- Aim of the task
In the listing below, a line holding "Photo of Camping" and a line holding "Russisches Zigeunerlied (Air" mark the range. Retype both exactly, with all lines between them.

- Information provided
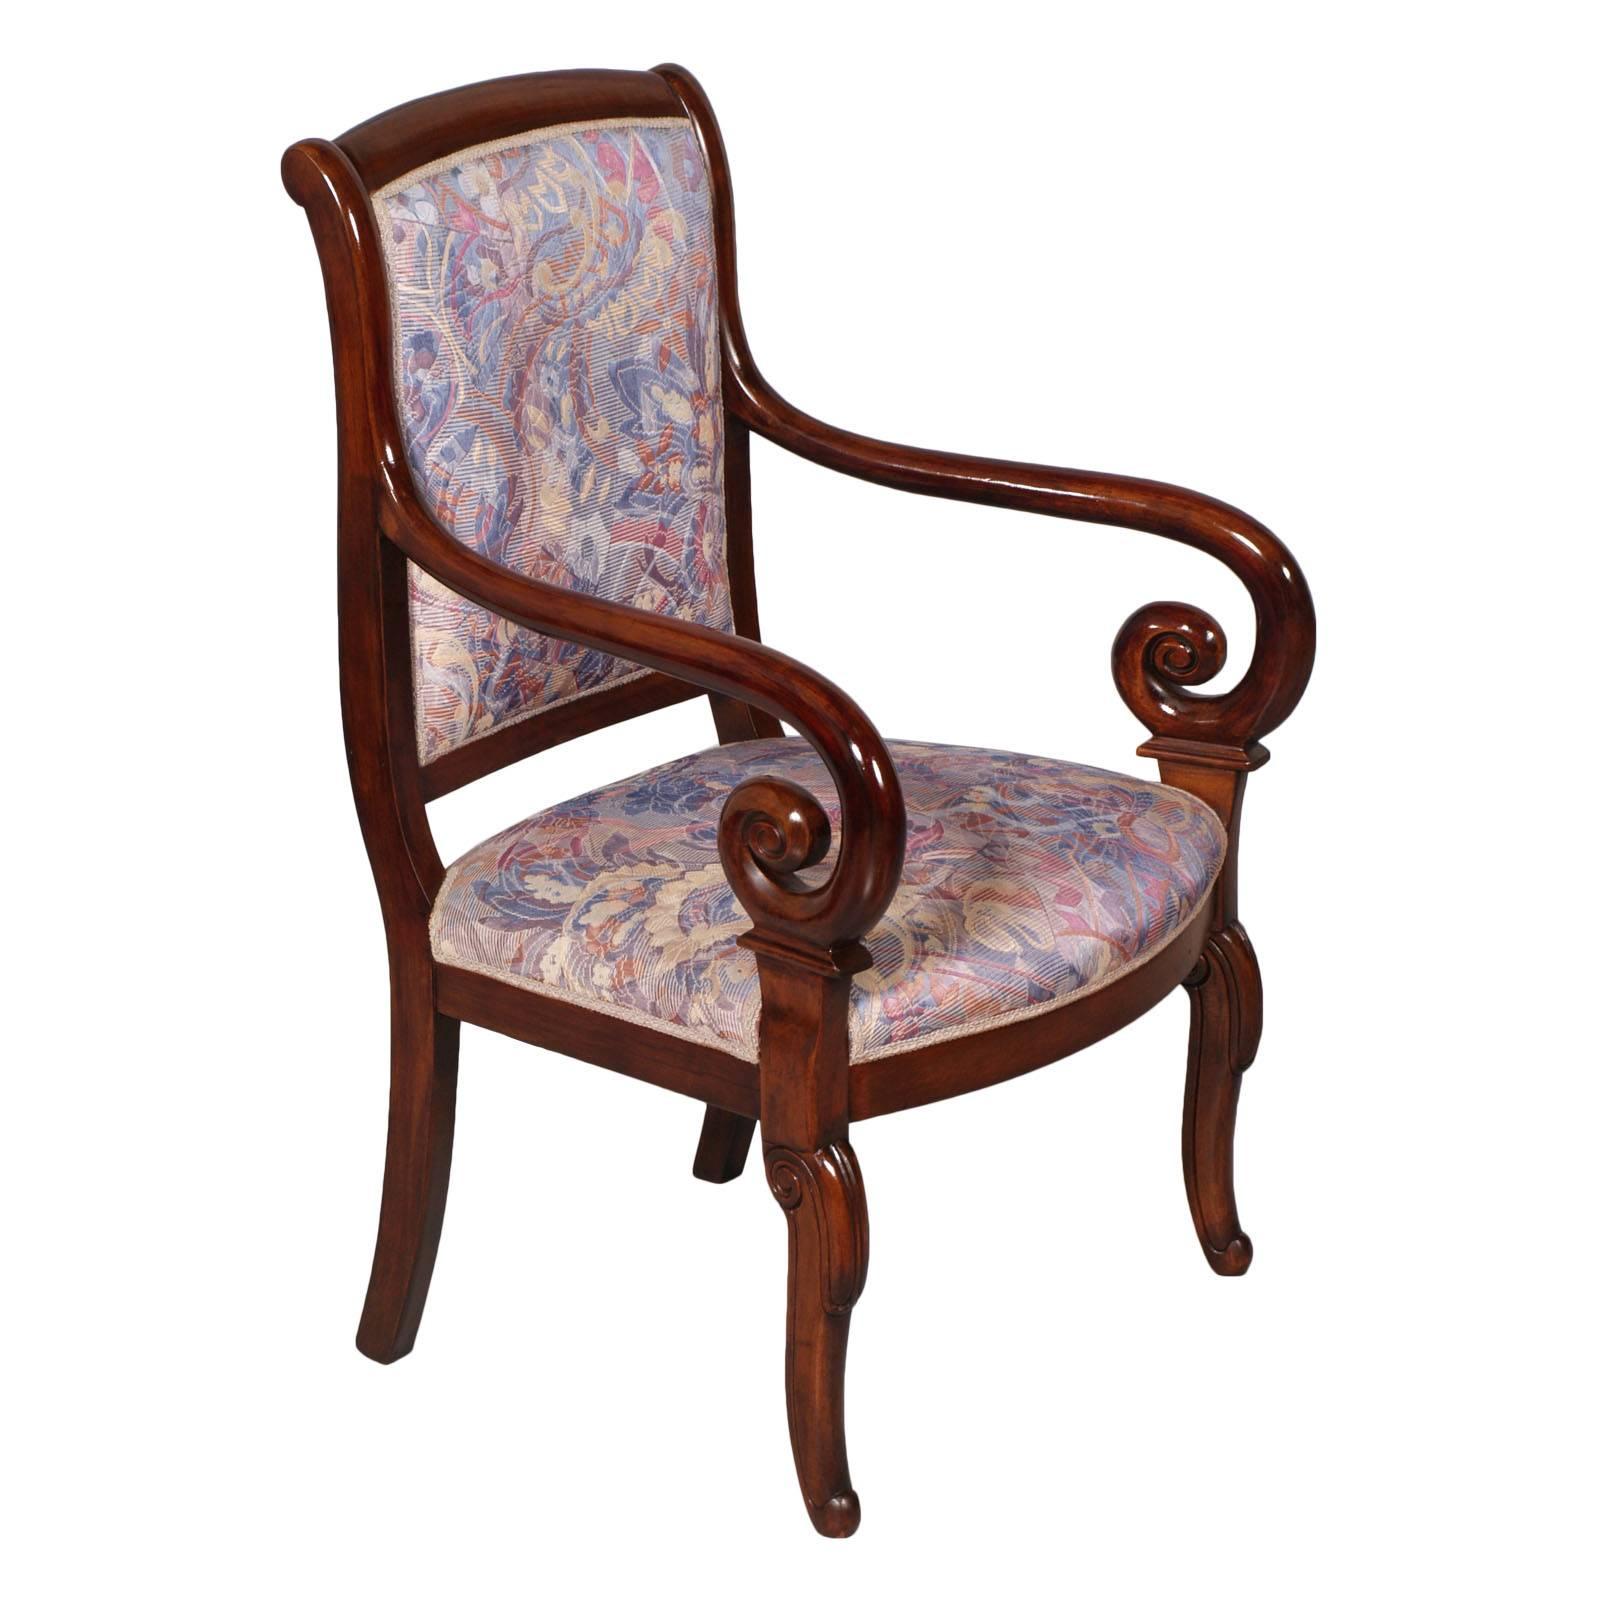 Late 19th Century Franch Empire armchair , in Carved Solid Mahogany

--

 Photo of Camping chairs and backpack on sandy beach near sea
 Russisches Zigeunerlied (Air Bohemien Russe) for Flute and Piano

- Written answer
 Photo of Camping chairs and backpack on sandy beach near sea
 Russisches Zigeunerlied (Air Bohemien Russe) for Flute and Piano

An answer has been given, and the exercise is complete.